中世でのカリスマ像

古代におけるカリスマは「神の僕」として位置づけられていました。私はそのカリスマの代表者としてイザヤとイエス・キリストを例に挙げて話しました。

だが、神の僕は一人に限ります。何人も神の僕がいたのでは、神の権威が損なわれます。ところが人々のため自死した筈のイエス・キリストが、人間の姿で再度この世に現れ、復活しています。

ヨーロッパでは、人間の姿で現れて復活したキリストへの認知で揉めに揉めましたが、キリスト教はその解決策として、三位一体説を打ち立てて、イエス・キリストを神と認知しています。

キリスト教が用いた三位一体説での論拠は、先ず形而上学で神は見えないが「聖霊」を発する存在とし、見えない神を「神は言」と演繹法で表現し、人間の姿で現れたイエス・キリストが各地で奇跡を起こし、聖霊を福音書等で人々に伝えていた事を踏まえ「言は神」と表現し、イエス・キリストを神の子息と位置づけ、キリストを神と認知しています。

キリスト教は難しい三位一体説を仮説化して、演繹法で説明して教義の核として人々に布教していますが、仮説化して説明する三位一体説は、ヨーロッパ人にも当初は分かり難い説明に映ったようです。

ヨーロッパではそれを反映してイエス・キリストの認知で揉めに揉め、戦争に迄発展しています。
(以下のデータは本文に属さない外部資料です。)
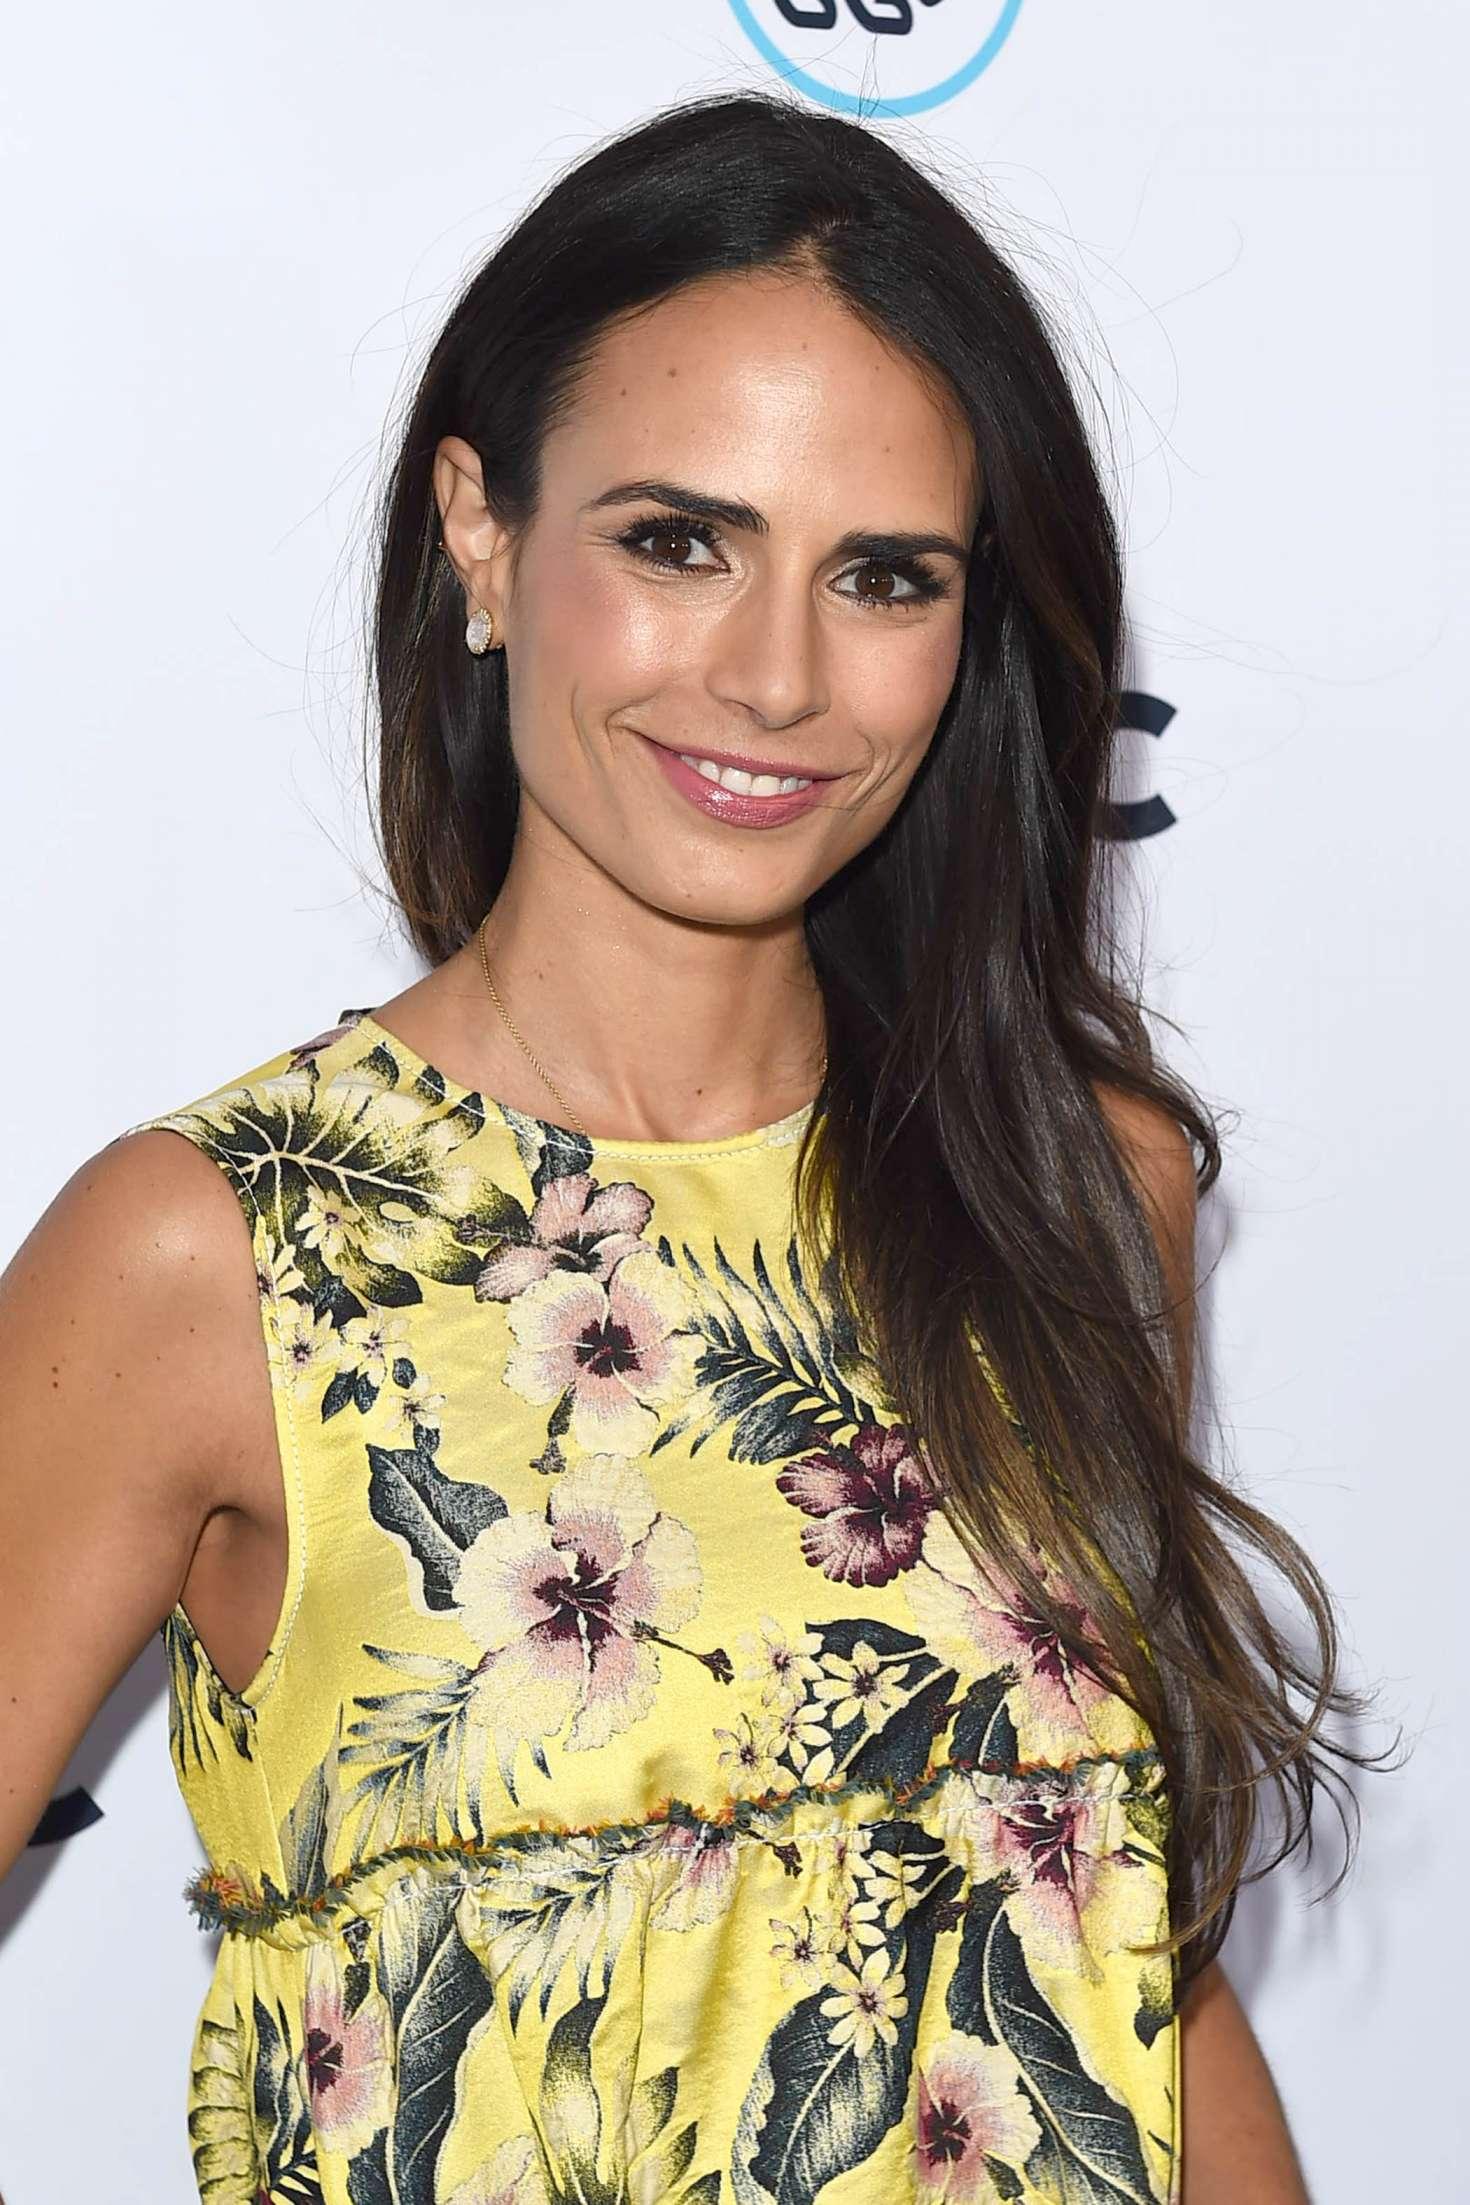 Watch Laura marano celebrity social media video

だが、ヨーロッパ人も最後は演繹思考でイエス・キリストを神の子息として認知し、三位一体説は受け入れられるようになりました。

三位一体説を演繹思考で受け入れたヨーロッパは、キリスト教が定着する社会になりましたが、中世になるとやはり暗黙知の神を人々に仲介するカリスマへの解釈で混乱しています。

一般に人が他人を評する場合、相手の考え方や地位、経歴等を総合的に捉えて説明する処があります。だが、相手の存在が大きい場合、二面論での説明では間尺が合わず、分かり難い説明になります。暗黙知の神を仲介するカリスマも二極論の人物評では、逆に分かり難い存在になります。

この解決策として中世のヨーロッパは、カリスマの解釈を「マナ」と「タブ」の二つを絡めてカリスマを説明していました。マナとは超能力者を言い、タブは一般の人々がマナに抱く心情です。人々はマナの持つ才に恐れを抱くものですが、一方で、マナの才に帰依し、頼る気が起こるものです。

中世のヨーロッパ社会は、カリスマの才をマナとタブの視点で捉え、カリスマを「呪術師的な特異な才の持ち主」と位置づけていました。